US lawmakers began a key markup session on a crypto market structure bill to establish clearer rules. Three amendments failed along party lines, with Democrats pushing for bipartisan solutions and ethics provisions. The bill was advanced by a 12-11 vote along party lines, receiving industry support for clear rules and consumer protections.
The Senate Agriculture Committee advanced the digital asset market structure bill by a 12-11 vote after voting on three failed amendments. The bill will move to the full chamber for a floor vote in the future. Lawmakers emphasized the need for bipartisan cooperation and combining the bill with the Senate Banking Committee’s draft.
An amendment proposed by Senator Dick Durbin to prevent federal agencies from bailing out digital asset intermediaries failed along party lines. Another amendment by Senator Michael Bennet to incorporate ethics provisions into the bill was also voted down. Democrats focused on ethics and bipartisanship, with concerns about oversight and national security.

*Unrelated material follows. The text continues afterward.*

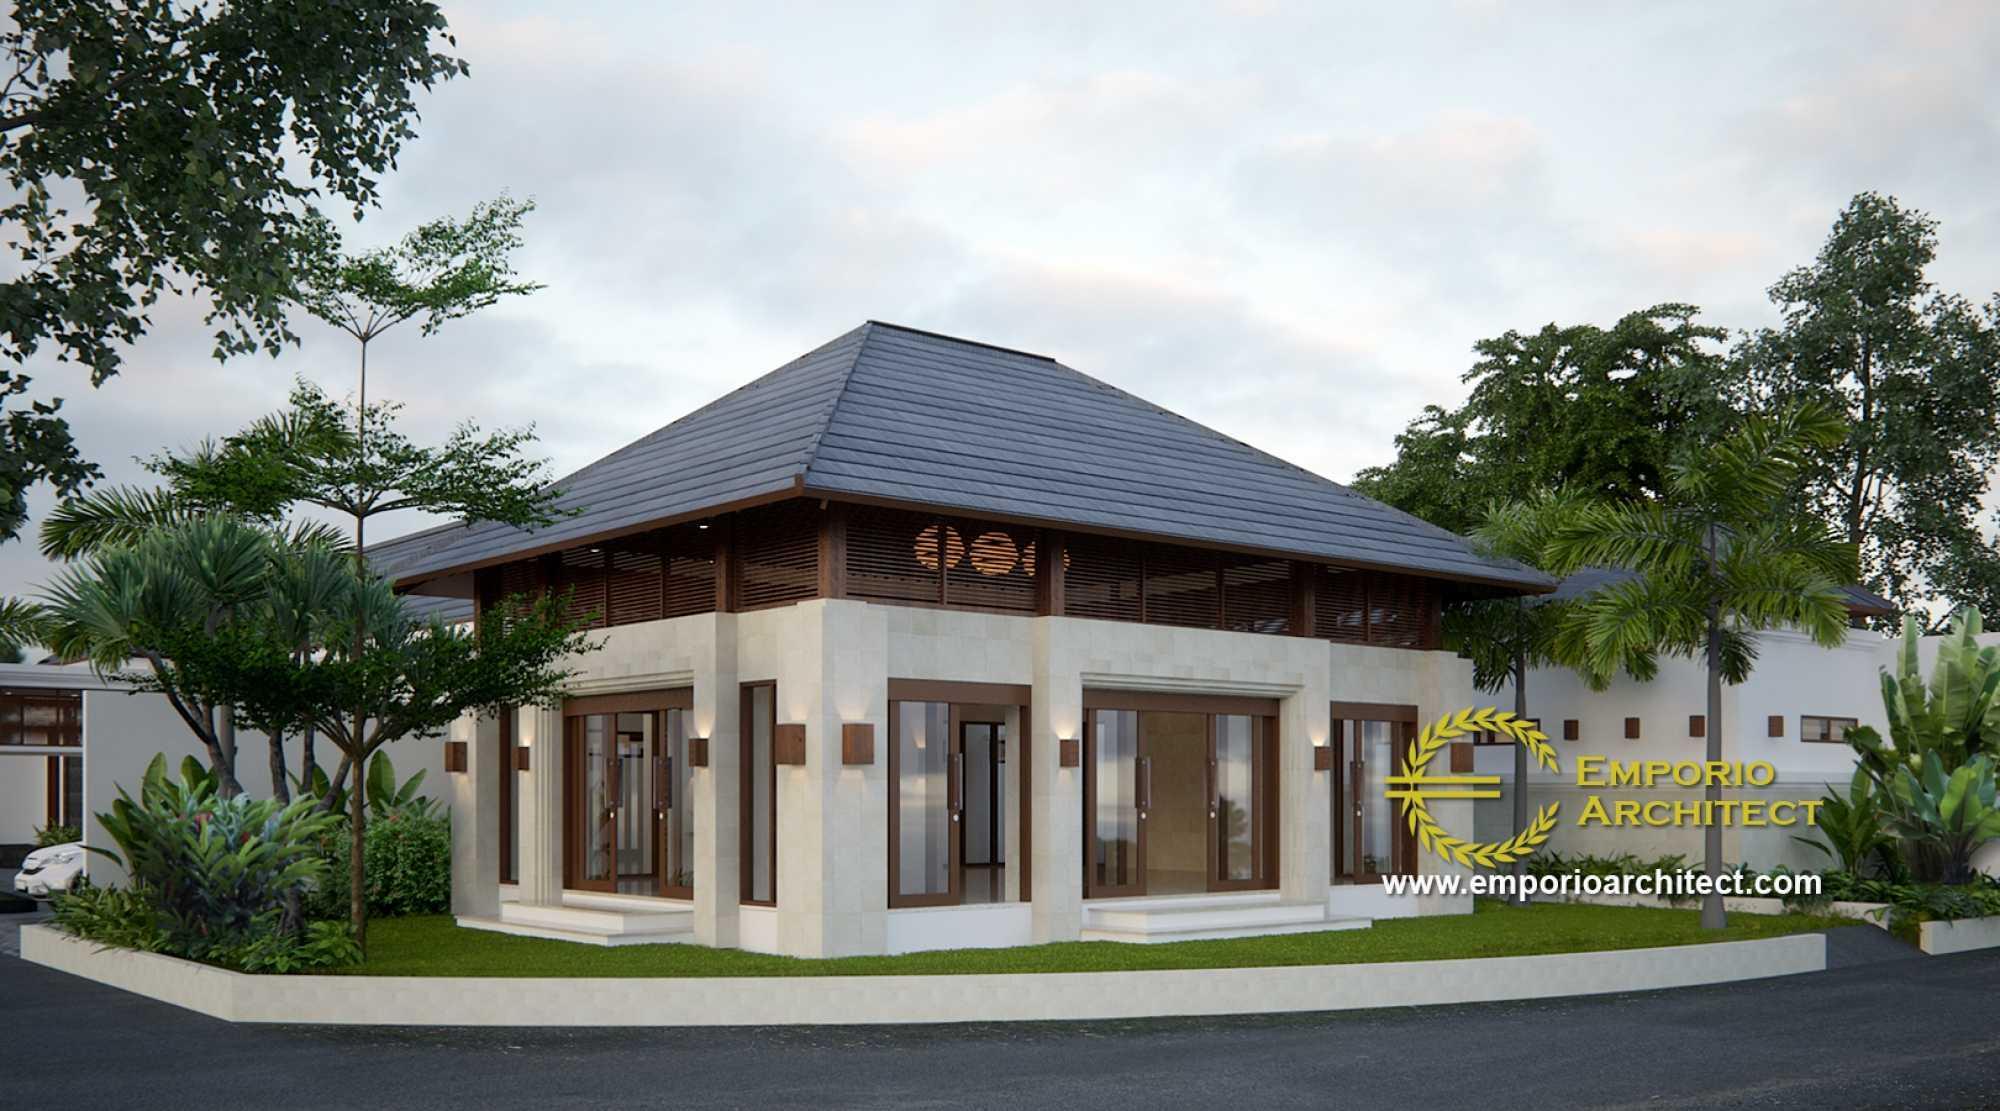 Emporio Architect Desain Rumah Villa Bali Tropis 334 @ Tasikmalaya, Jawa Barat Tasikmalaya, Jawa Barat, Indonesia Tasikmalaya, Jawa Barat, Indonesia Emporio-Architect-Desain-Rumah-Villa-Bali-Tropis-334-Tasikmalaya-Jawa-Barat Tropical 74977

Senator Cory Booker highlighted goals for the bill, advocating for collaboration between regulatory agencies and protections for innovative technology. Booker expressed frustration over the lack of bipartisan participation in the bill and criticized President Trump’s involvement in crypto legislation. The need to prevent criminalizing code writers and ensuring ethical frameworks was underscored. Lawmakers on the Senate Agriculture Committee are making progress on the market structure bill, but bipartisan support remains elusive. Efforts must align with the Senate Banking Committee. Senator Klobuchar seeks to ensure the CFTC has at least four Senate-confirmed commissioners before the bill takes effect. The committee is expected to vote on 11 amendments, including those related to CFTC leadership, ethics, and foreign interference in US markets. Senator Roger Marshall’s amendment on credit card swipe fees may not be pushed forward. Source: Senate Agriculture Committee, Jan. 29, 3:32 pm UTC.